Los cambios en las propiedades de las señales permiten a los científicos reconstruir, de manera indirecta, la estructura de las capas enterradas. En la Formación Medusae Fossae, los reflejos observados y las características físicas calculadas son difíciles de explicar mediante una estructura compuesta únicamente por materiales secos.
Por ello, los autores consideran que una estructura formada por capas pobres en hielo sobre otras mucho más ricas en hielo ofrece una explicación compatible con los datos.
Una pista sobre el pasado de Marte
La posible presencia de hielo en una región cercana al ecuador resulta especialmente interesante porque las condiciones actuales de Marte no favorecen la conservación de grandes cantidades de hielo expuesto en esa zona.
Esto sugiere que los depósitos pudieron formarse durante una etapa antigua en la que el clima marciano era diferente al actual.
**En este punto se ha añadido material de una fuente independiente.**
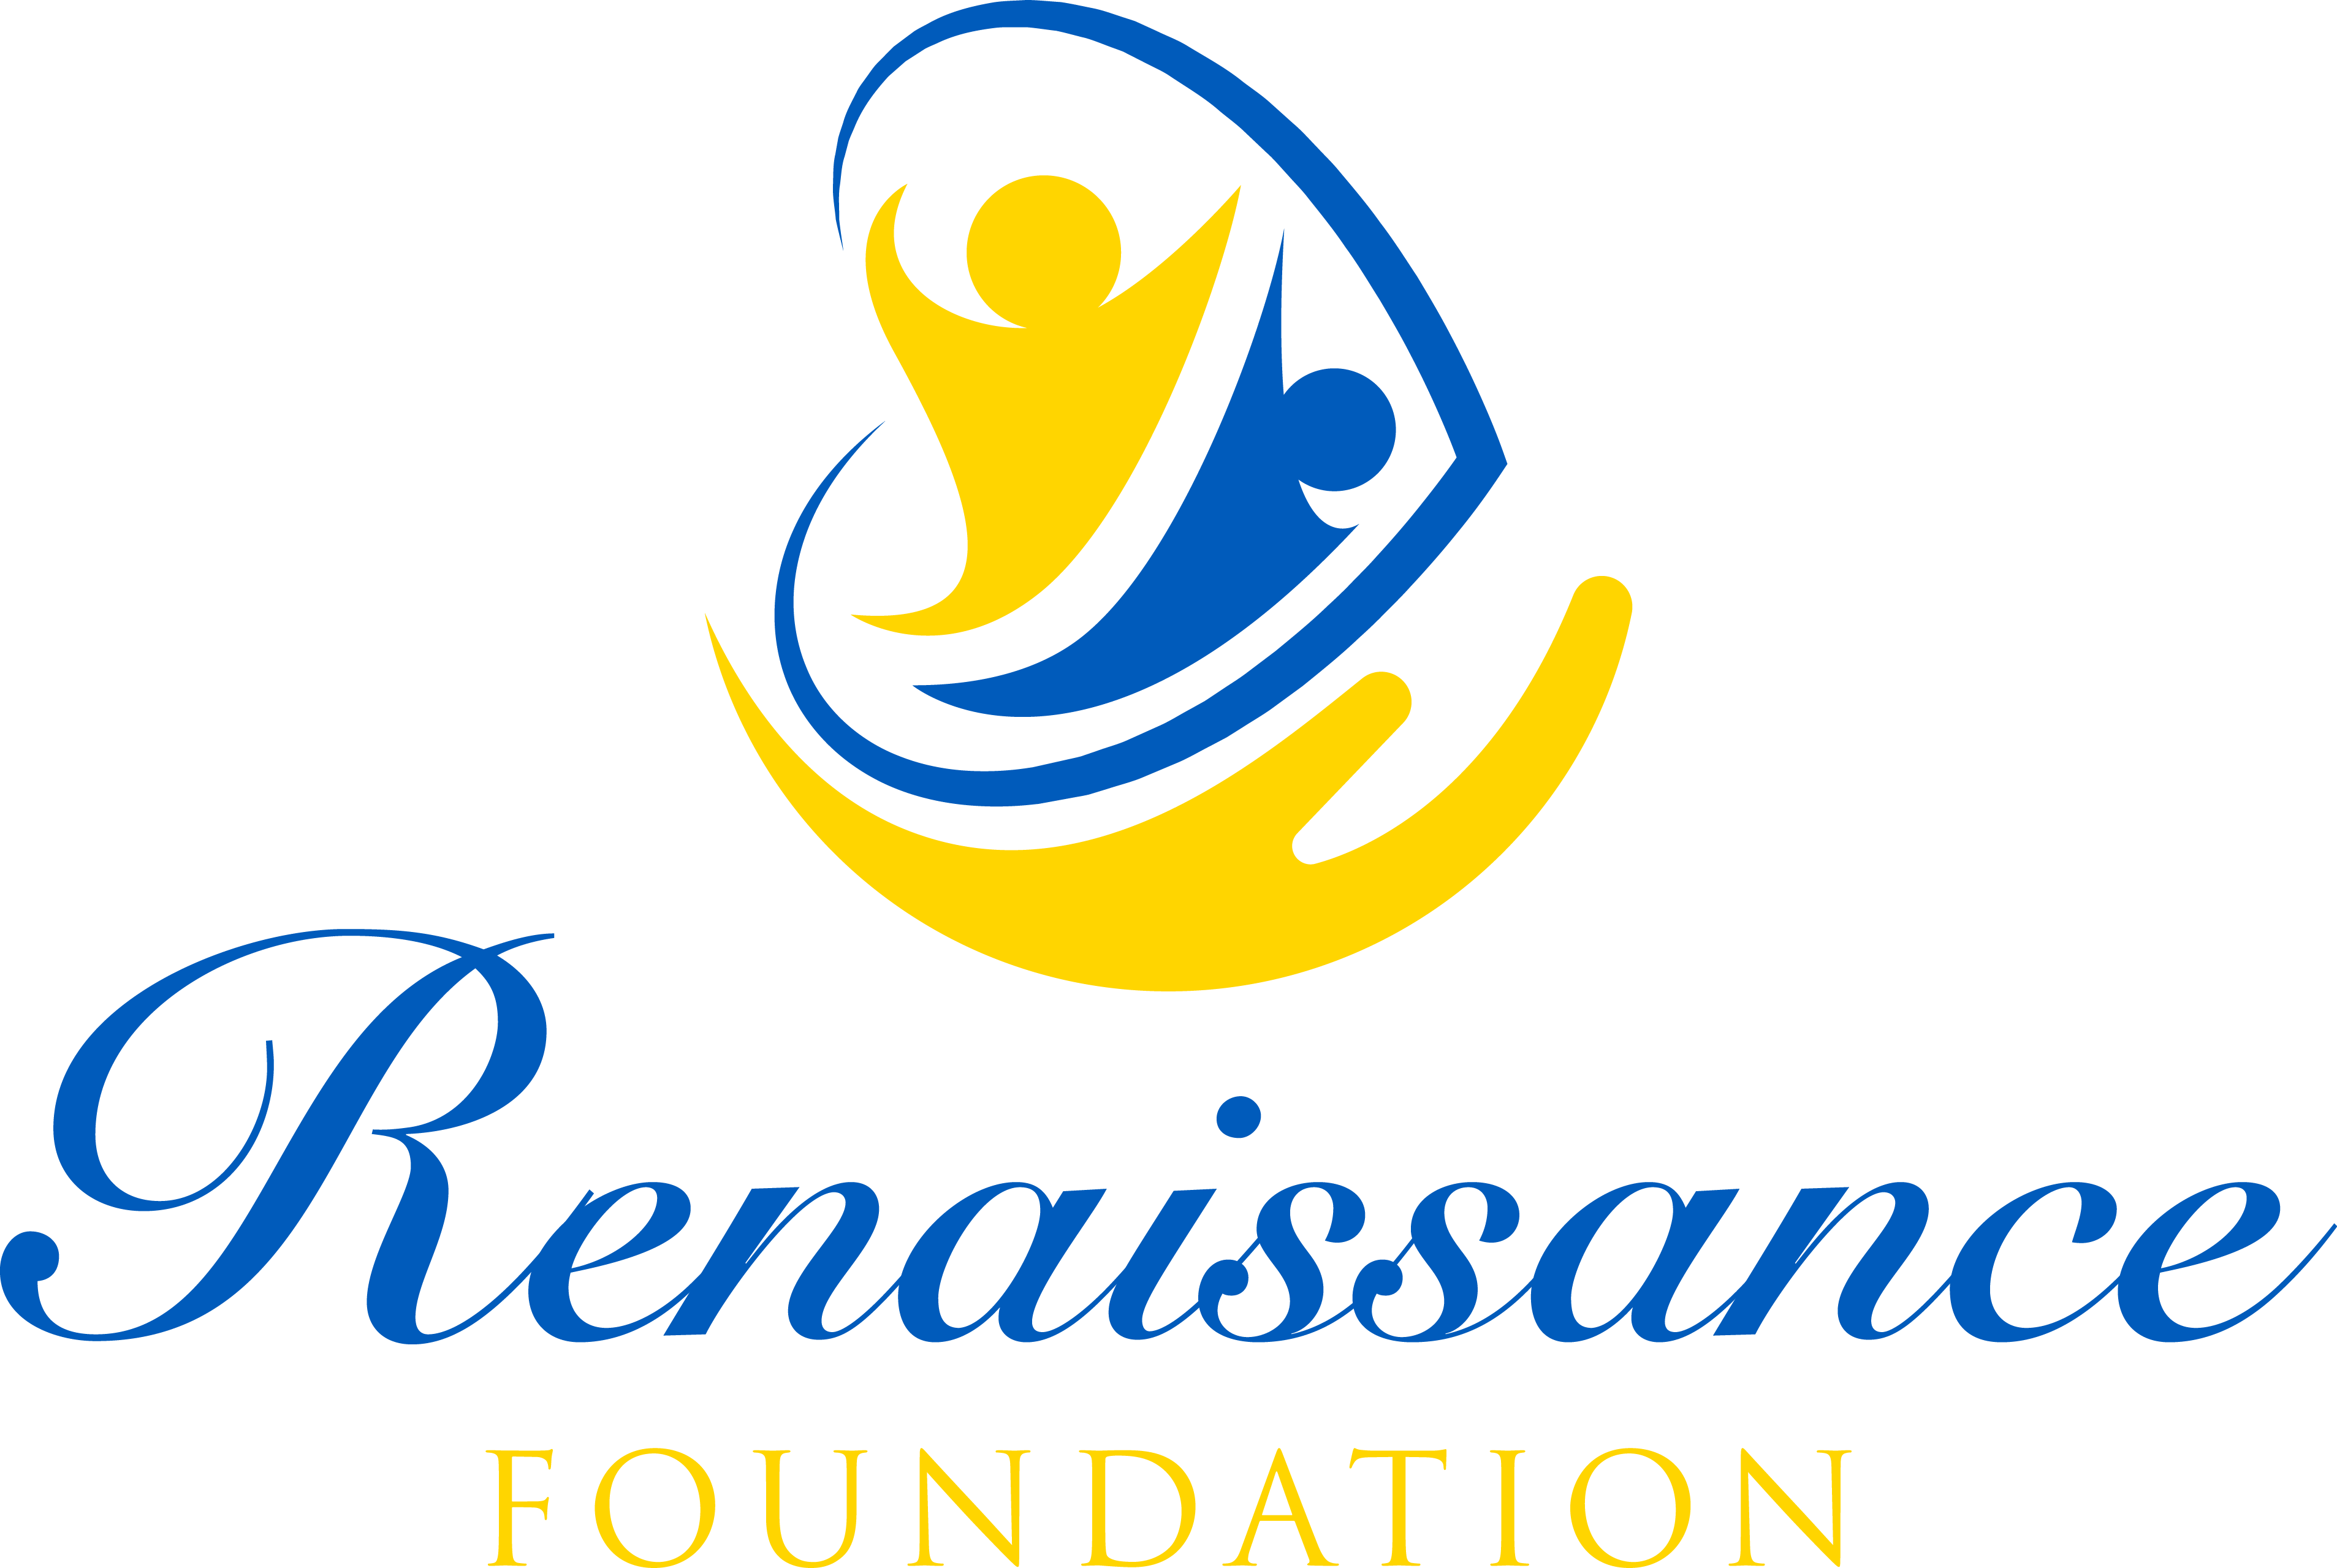 The Renaissance Foundation, LTD

Las capas enterradas podrían conservar información sobre los cambios que experimentó el planeta a lo largo de su historia.
El estudio, por tanto, no solo busca determinar dónde se encuentra el agua marciana, sino también ayudar a reconstruir cómo evolucionó el clima del planeta.
Mars Express y ExoMars estudian diferentes partes del subsuelo
Es importante distinguir entre las distintas misiones europeas que investigan el agua de Marte.
La evidencia sobre los grandes depósitos de la Formación Medusae Fossae procede de Mars Express y su instrumento MARSIS. Esta misión puede estudiar estructuras situadas a varios kilómetros bajo la superficie.
Por su parte, el orbitador ExoMars Trace Gas Orbiter utiliza el instrumento FREND para detectar hidrógeno en la parte más superficial del suelo. Debido a que el hidrógeno puede estar asociado con agua o hielo, estos datos sirven para elaborar mapas de posibles depósitos de agua cerca de la superficie.
Por eso, no sería correcto atribuir directamente el descubrimiento de los depósitos de varios kilómetros de profundidad a ExoMars.
Una evidencia importante, pero todavía indirecta
Aunque los resultados son significativos, los científicos no han extraído una muestra física de estos depósitos para demostrar directamente que están formados por hielo de agua.
La conclusión se basa en las señales obtenidas mediante radar y en modelos que comparan las propiedades observadas con las esperadas para distintos materiales. Los autores consideran que la explicación de depósitos ricos en hielo es consistente con los datos, pero futuras investigaciones podrán aportar más información.
El hallazgo muestra que Marte todavía puede esconder enormes cantidades de agua bajo su superficie. También ofrece a los científicos una nueva oportunidad para estudiar la evolución climática del planeta y comprender qué ocurrió con el agua que alguna vez estuvo presente en su superficie.